China’s gaming industry finally returned to double-digit growth in December after two years of brutal regulatory crackdowns brought the sector to its knees. According to a semi-official gaming industry association in China, video game sales increased 14% year-on-year to reach 303 billion RMB (42.7 billion USD) – a major win after 2022 saw sales decrease 10.3%. Over the year, we also saw the number of licensing approvals handed out to developers steadily return to its pre-crackdown rate, and commentators were cautiously optimistic. The double-digit growth was a sure sign that things were back on a positive trajectory.
But it might be too early to celebrate. Recent policy moves suggest regulators still have concerns about the harmful impacts of gaming – not just in children, but in adults too. Is this the beginning of a new crackdown? And how will gaming companies respond?
The next crack of the whip?
A draft legislation published on the National Press and Publication Administration (NPPA) website in December outlined plans to restrict in-game purchases for all gamers, with the ultimate goal being to curb “obsessive” gaming behaviour. Under-18s are already restricted to a maximum of 3 hours of gameplay on weekends and holidays (no gaming is allowed on weekdays), but this is the first time the NPPA has proposed restricting adults’ gaming habits by law.

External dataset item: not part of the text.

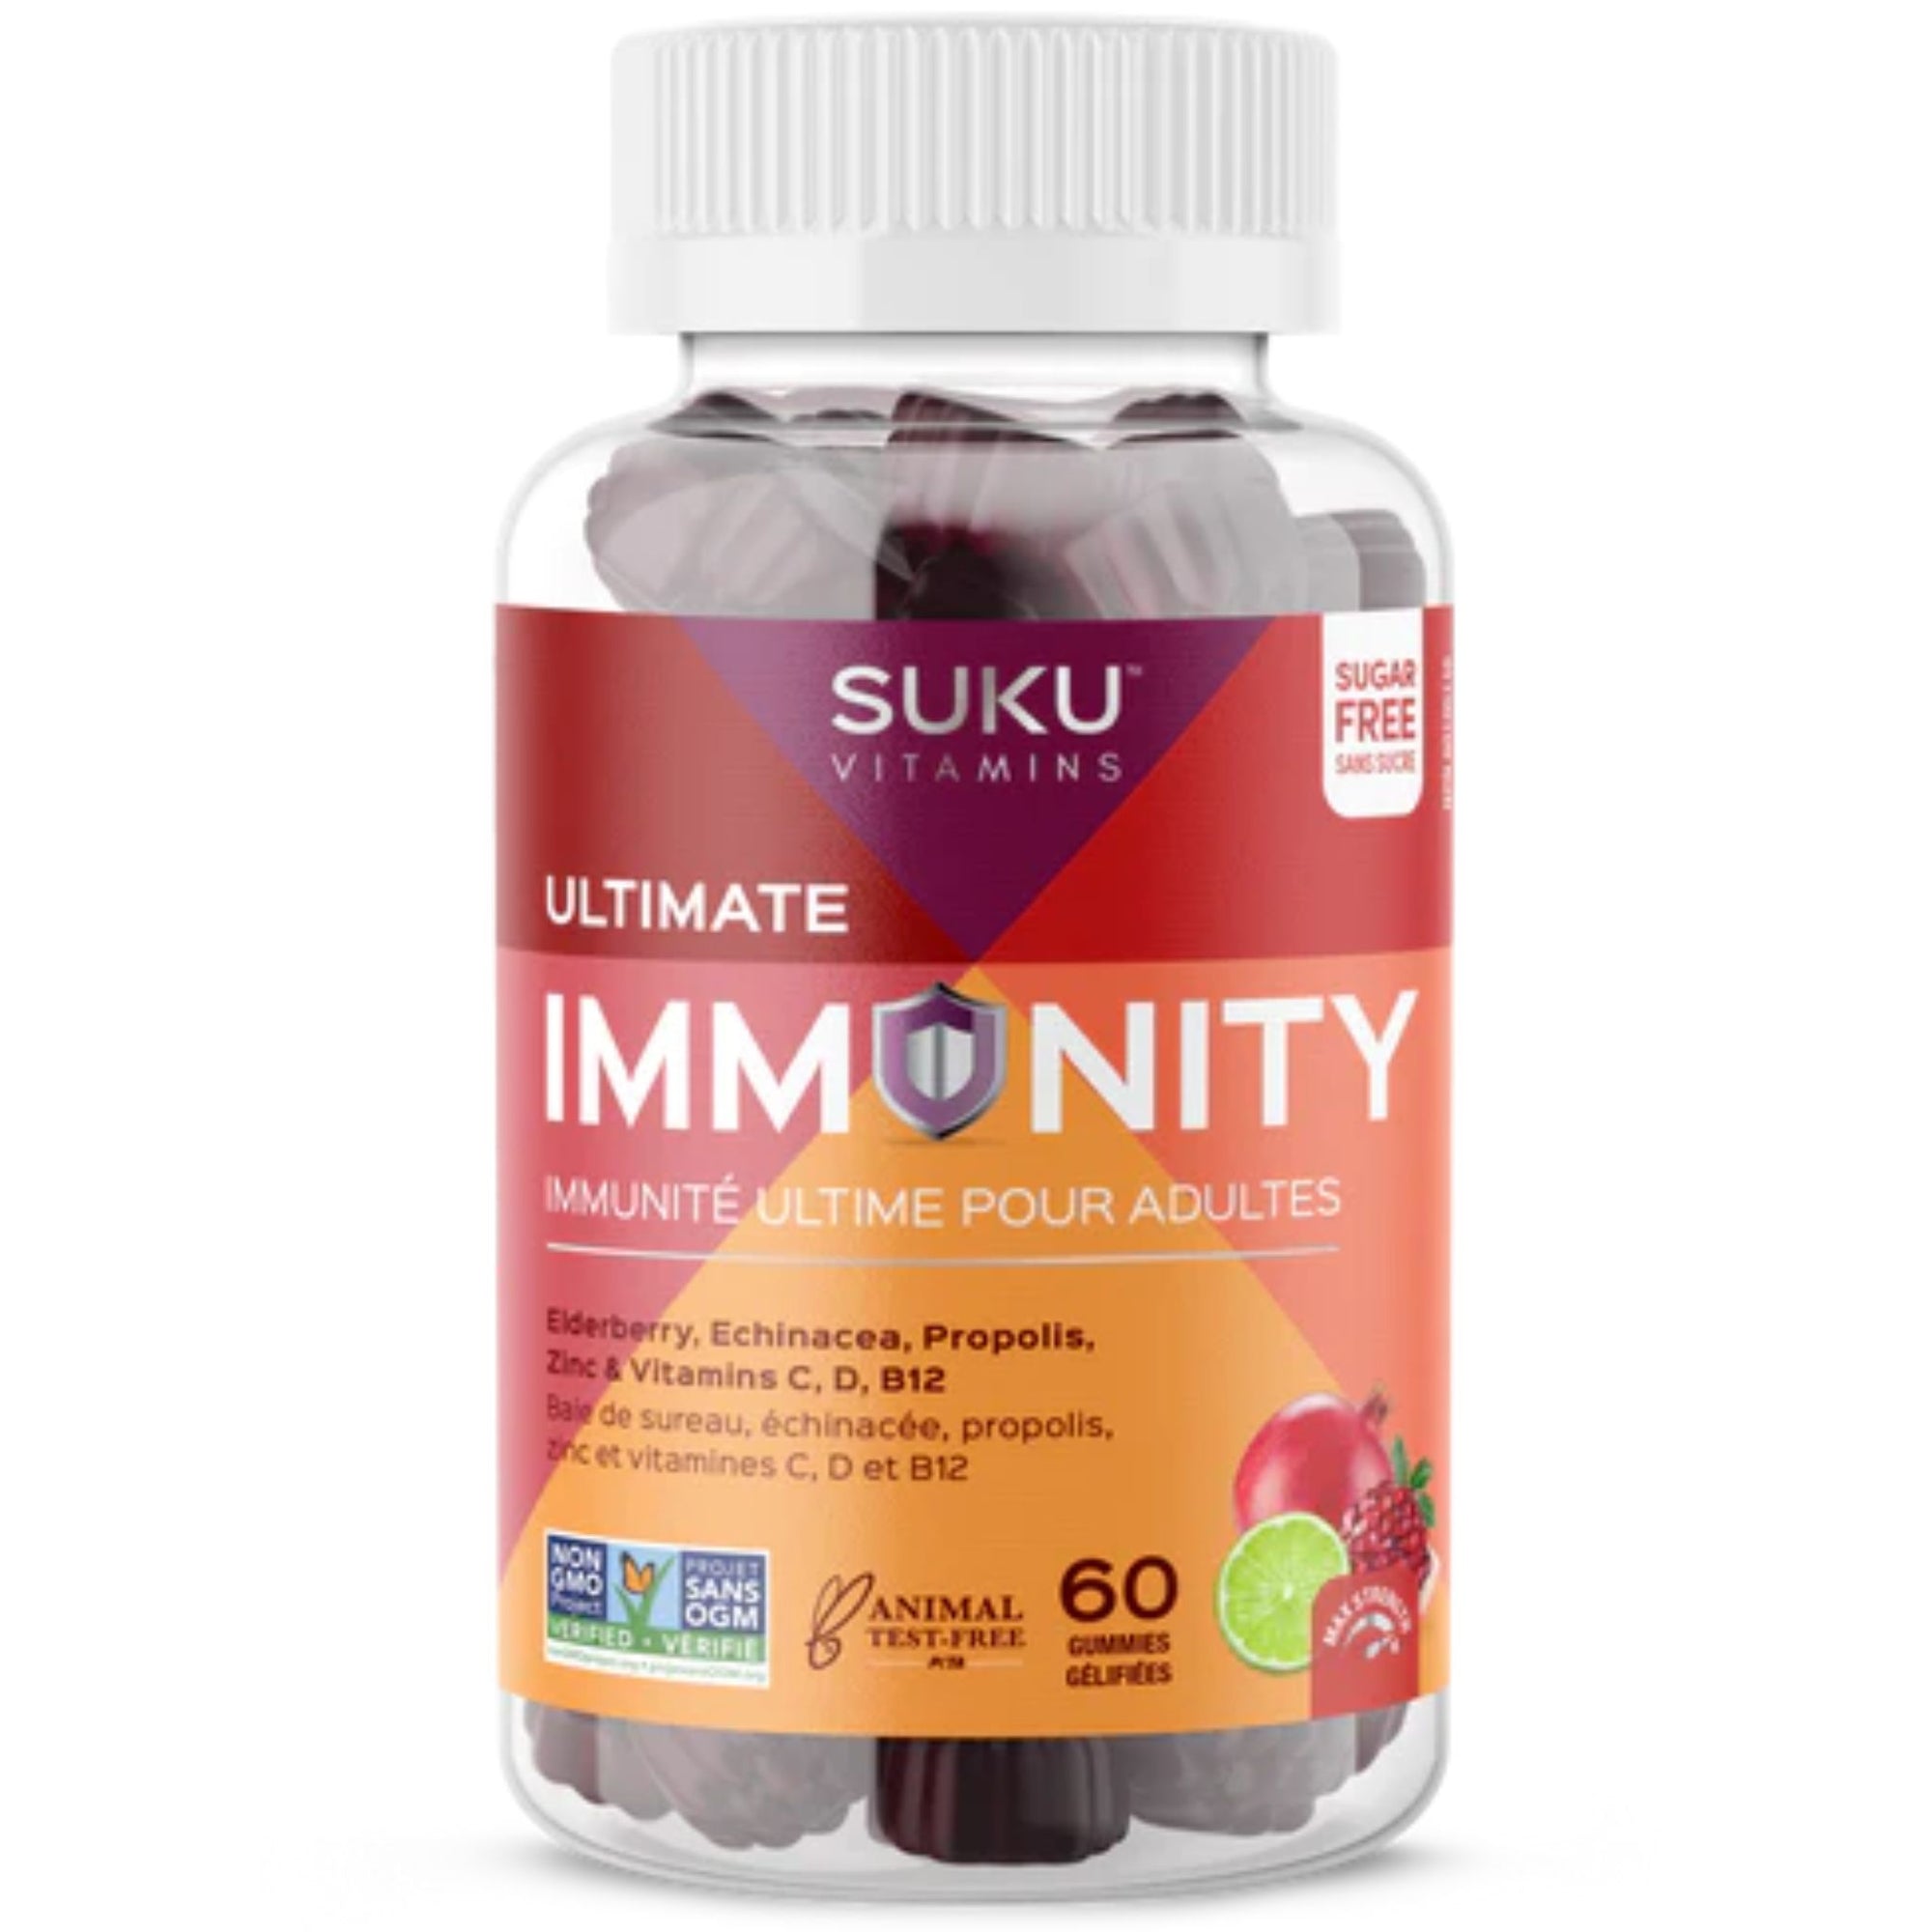 Suku Ultimate Immunity Gummies bottle with vibrant coloured gummies visible. 60 gummies per bottle. Sugar-free & Non-GMO

With youth gaming addiction “basically solved” (according to self-reported data published in 2022), it is perhaps inevitable for regulators to turn their attention to adult gamers, who are certainly not immune to the lure of “spiritual opium”. Around 55% of China’s gamers are aged 19-25, a pivotal life stage during which a person is legally considered an adult, and possibly financially and functionally very independent, but still has a lot of maturing to do (the brain is not fully developed until 25, with implications for addiction susceptibility, risky behaviour, and emotion management).
Nonetheless, such a policy could have devastating effects on gaming companies. “The removal of these incentives is likely to reduce daily active users and in-app revenue, and could eventually force publishers to fundamentally overhaul their game design and monetisation strategies,” Ivan Su, an analyst at Chicago-based financial service firm Morningstar, told the BBC. Mobile games, many of which rely heavily on in-app purchases, occupy 74.88% of the market share of China’s games industry. Stocks took a huge hit as a result of the news, with share prices of China’s largest game developer Tencent dropping 16%.
Policy confusion
More shocking still, all trace of this policy proposal now seems to have disappeared as of a few days ago. It has now been deleted from the NPPA website and a high-level official overseeing the administration has even been fired, indicating that the draft legislation has now been deemed an error. Did those in charge not foresee such a big hit to the markets and backpedalled when they realised the impact it would have? Or did the policy simply go against larger department objectives?
It’s impossible to know for sure, but either way, China’s games industry must continue to brace for change. The regulatory crackdowns on fintech and gaming, the “double reduction” policy that almost wiped out the private tutoring sector, and zero-COVID were all indicative of a general policy direction of tightening social control – and importantly, in the case of the crackdowns, holding large corporations responsible for these changes.
So the NPPA has been stopped in its tracks for the time being. But that does not discount the possibility of a toned-down version of the policy being introduced in the near future. “I think this type of sentiment [toward gaming] will probably last for quite some time, unless we get a very drastic turnaround in government rhetoric, or unless we get some super supportive policies,” Ivan Su said, speaking to the BBC.
Future directions
To mitigate against these impacts, Chinese gaming companies will have to do more than just diversify monetisation at the product level (this is a strategy that many developers have been pursuing for some time, having turned highly cautious in the face of unpredictable and sweeping policy changes). China’s game developers now must make a bigger push than ever to finally crack the overseas gaming market.
China’s biggest developer, Tencent Games, currently derives only about 30% of its revenue overseas, which it is hoping to bump up to 50% over the next few years. Tencent is now focussing more on console games marketed to a wider audience in a bid to snatch a bigger market share of overseas gaming markets, particularly the US. Its upcoming release The Sentinel, developed by its LA-based studio Lightspeed, is a promising start. But ultimately developers will have to crack this code: how can we meet regulators’ requirements for educational content promoting China’s cultural heritage whilst simultaneously creating a universal piece of entertainment?
The success of Genshin Impact, developed by Chinese company miHoYo, offers a potential example. By weaving Chinese cultural elements within a Japanese anime-inspired package recognisable to viewers worldwide, miHoYo managed to make Genshin Impact one of China’s most successful entertainment exports to date. As this example also shows, these games could be an unparalleled soft power vehicle for China.
With government attitudes towards gaming showing only very weak signs of softening, the crackdown looks more like a long-term project rather than an acute period of scrutiny. Chinese game developers have a huge amount to offer, and now is the time for them to show that to the rest of the world.